[Web-SIG] WSGI 2.0 Round 2: requirements and call for interest

Graham Dumpleton graham.dumpleton at gmail.com
Tue Jan 5 06:57:57 EST 2016


> On 5 Jan 2016, at 10:26 PM, Cory Benfield <cory at lukasa.co.uk> wrote:
> 
> Forwarding this message from the django-developers list.
> 
> Hi Cory,
> 
> I’m not subscribed to web-sig but I read the discussion there. Feel free to forward my answer to the group if you think it’s useful.
> 
> I have roughly the same convictions as Graham Dumpleton. If you want to support HTTP/2 and WebSockets, don’t start with design decisions anchored in CGI. Figure out what a simple and flexible API for these new protocols would be, specify it, implement it, and make sure it degrades gracefully to HTTP/1. You may be able to channel most of the communication through a single generator, but it’s unclear to me that this will be the most convenient design.
> 
> If you want to improve WSGI, here’s a list of mistakes or shortcomings in PEP 3333 that you can take a stab at.
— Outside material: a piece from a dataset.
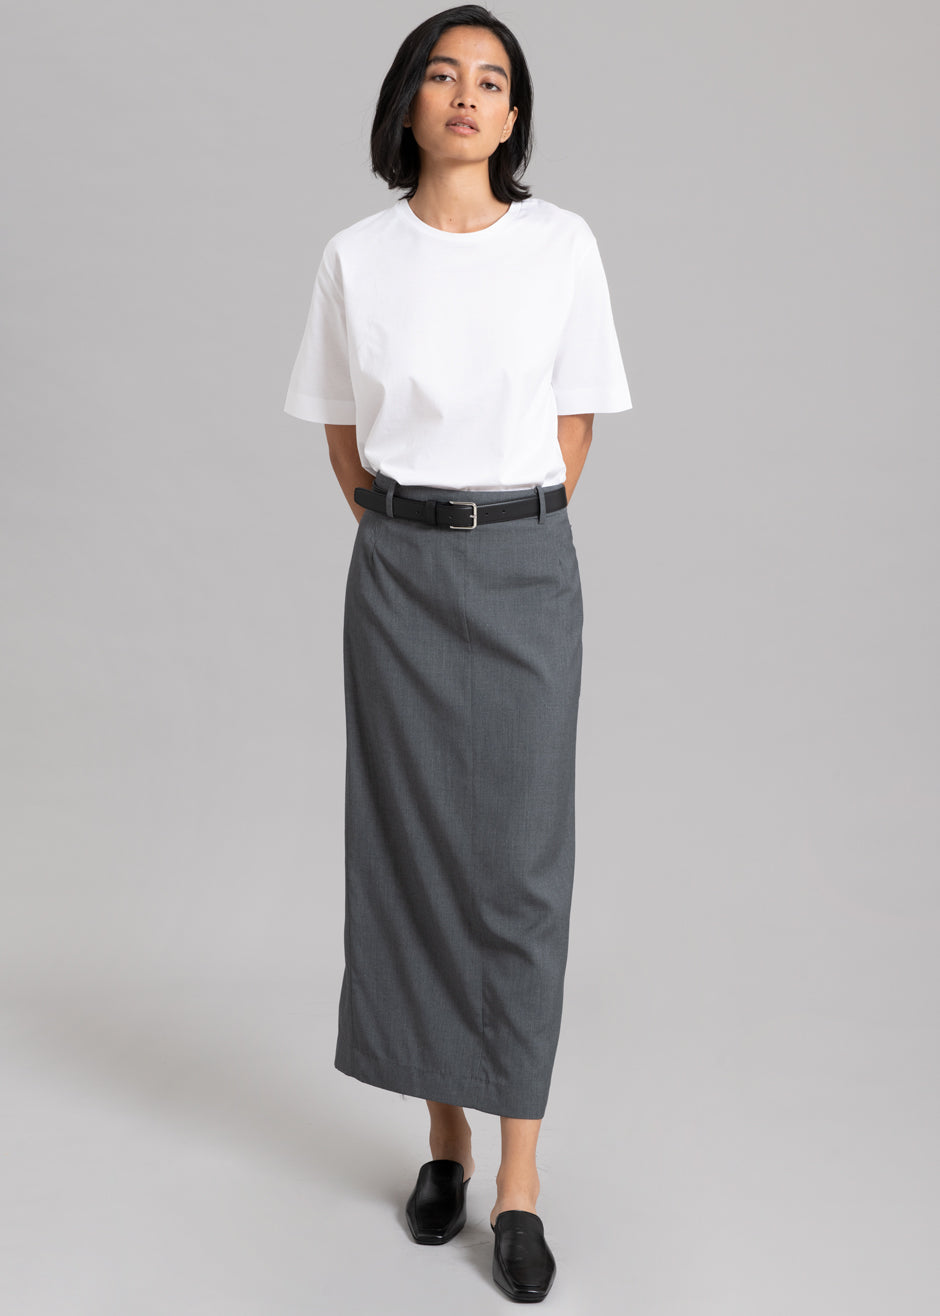 Ribbed Long Pencil Skirt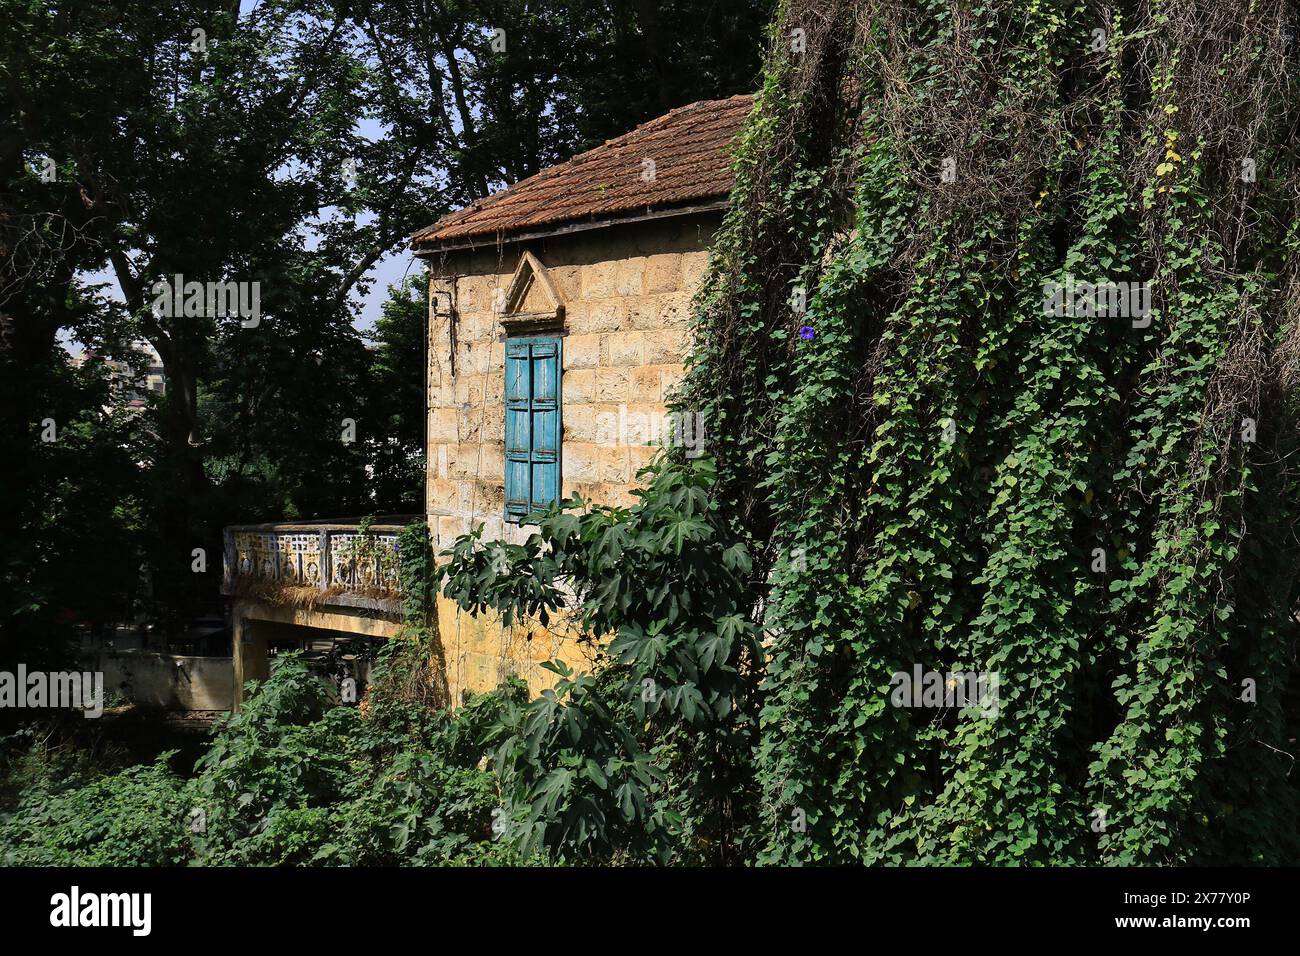 Une maison libanaise traditionnelle au coeur de la nature verdoyante. Banque D'Images

There’s a general theme: for a specification that looks at the future, I believe that making modern PaaS-based deployments secure by default matters more than not implementing anything beyond what’s available in legacy CGI-based deployments.
> 
> 1. WSGI is prone to header injection vulnerabilities issues by design due to the conversion of HTTP headers to CGI-style environment variables: if the server doesn’t specifically prevent it, X-Foo and X_Foo both become HTTP_X_Foo. I don’t believe it’s a good choice to destructively encode headers, expect applications to undo the damage somehow, and introduce security vulnerabilities in the process. If mimicking CGI is still considered a must-have — 1% of current Python web programmers may have heard about it, most of them from PEP 3333 — then that burden should be pushed onto the server, not the application.

FWIW, Apache 2.4 will discard headers which would use underscore, as well as many other characters. Basically it probably only accepts alphanumeric and ‘-‘ in original name.

In mod_wsgi, it does the same thing, even for Apache 2.2 where it wasn’t done.

So with mod_wsgi at least you are safe. Or at least if not still using some ancient mod_wsgi version. (Death to LTS Linux versions and out of date packages) :-)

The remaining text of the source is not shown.